Posted In CAD, Minor Pairs, Trading Tweets, USDCAD - By Richard Lee On Thursday, November 17th, 2011 With 0 Comments

It seems that foreign investors are growing weary of the European financial crisis, and taking responsibility into their own hands.  That’s why, according to a recent report, global financial investors snapped up a record amount of Canadian investment assets in the third quarter – approximately $16.2 billion.  And given what’s out there and the runup in the money markets, the trend could continue.  This could have positive and lasting effects for the USDCAD currency pair.
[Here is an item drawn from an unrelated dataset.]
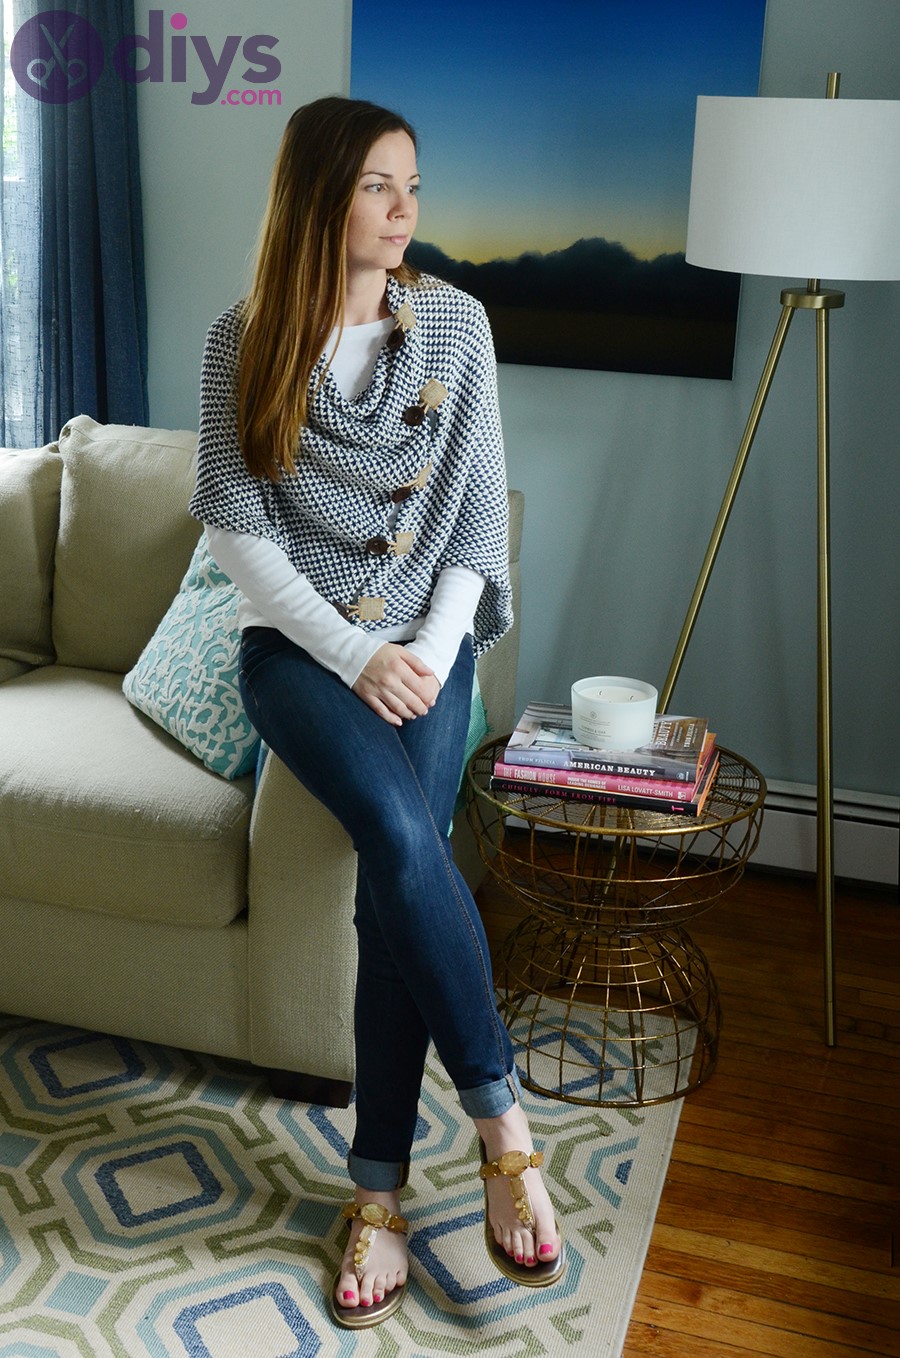 Diy knit sweater best christmas gifts for mom 

According to the most recent Statistics Canada report on Canadian foreign securities purchases, global money managers snapped up a net $7.2 billion in Canadian securities in September.  For the most part, the majority of the interest was targeted toward money market or short term paper, helping the net figure to gain for the third straight month.  Investment in short term federal investments rose to $5.3 billion or almost 50% from this summer’s levels.

A more solid economy has lured global investors away from more recognized debt in both the United States and Europe.  European financial indecision and crisis has been a big detriment on EU based debt, even as yield cross higher above euro-era records.  Across the Atlantic, the US is dealing with its own recessionary potential and lack of political conviction that is helping to crimp domestic growth.
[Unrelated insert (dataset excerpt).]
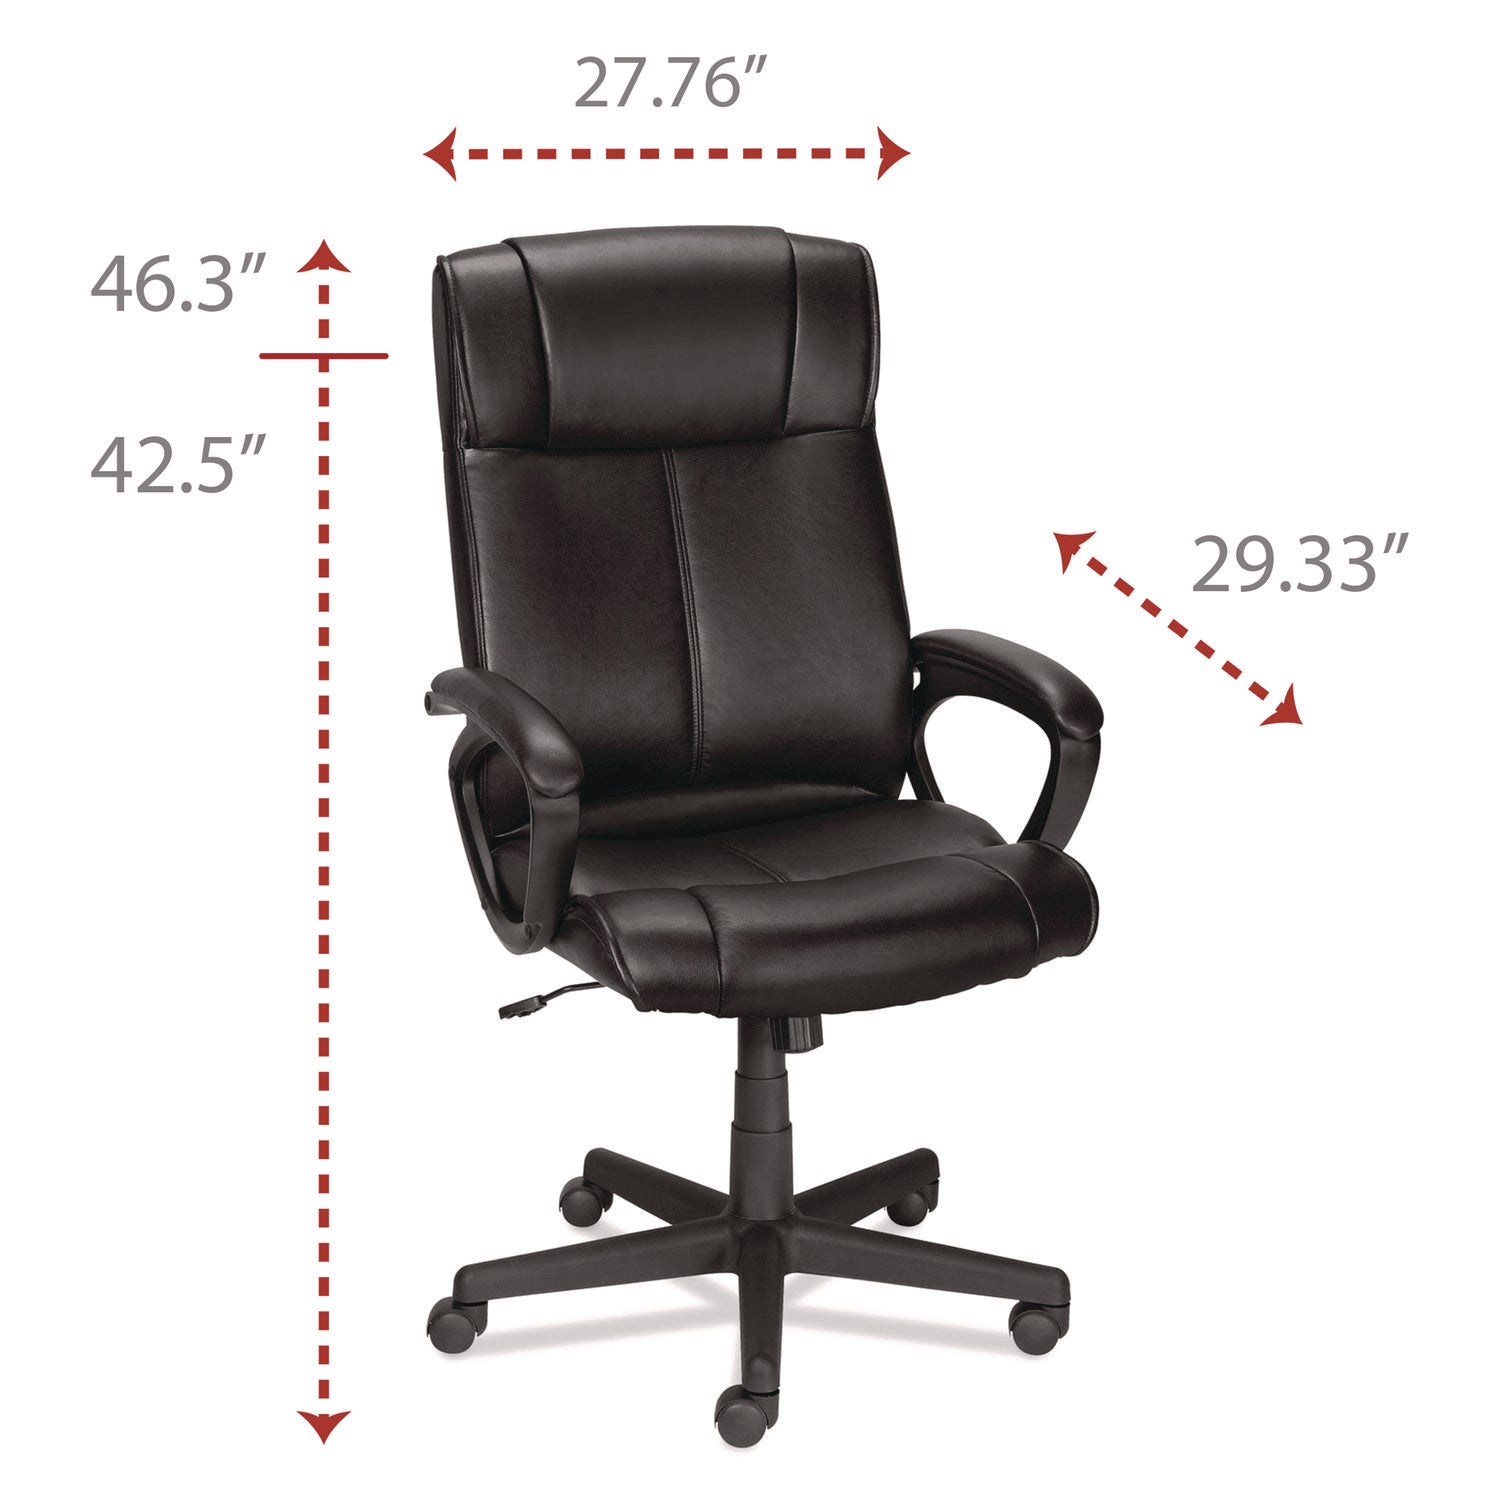 Alera Dalibor Series Manager Chair, Supports Up to 250 lb, 17.5" to 21.3" Seat Height, Black Seat/Back, Black Base - 7

But, Canada is seemingly on more solid economic ground.

Even though Bank of Canada bankers have downgraded previous growth forecasts for 2012, the rate of expansion is still positive for the Canadian economy this year.  For 2011, the country is expected to expand by about 2.2%, with inflation that is well contained within the central bank’s mandated target of 2-3%.  Manufacturing has also powered the economy through these tough times – with the economy averaging a 7.6% pace of expansion for the year.  Compare this to the US or Europe.  Both economies are expected to grow at a less than best 1.2 and 1.5% annualized rate.  Manufacturing and confidence reports also haven’t been good for both US and EU regions where consumers are being plagued by record unemployment.  Not a good economic environment.

The positive outlook has boosted Canadian money market yields making them more attractive than comparable investments in both the Europe and US.  Against European assets, Canadian t-bills and short term paper are seemingly less risky – especially with the potential for default being much higher in the EU since the beginning of last year.  Credit default swaps have supported the idea, with rates tied to European countries soaring to records.

Compared to US yields, short term rates in Canada are higher and therefore far more attractive.  Three month t-bills that are currently yielding barely above 0% in the US are at 0.88% in the Canadian market.  The disparity grows wider when moving out on the curve to longer term Canadian 2-year notes – which are yielding a little more than 3 times their US counterparts at 0.93%.  US 2-year notes are currently at 0.27%.

The higher rates, and wider US-Canadian debt spreads, will continue to attract global investors that are looking for a lower risk profiled investment with an adequate rate of return – which Canadian debt offers.  This will translate into a higher demand for Canadian dollars, especially against the US dollar – potentially propelling the exchange rate back to parity.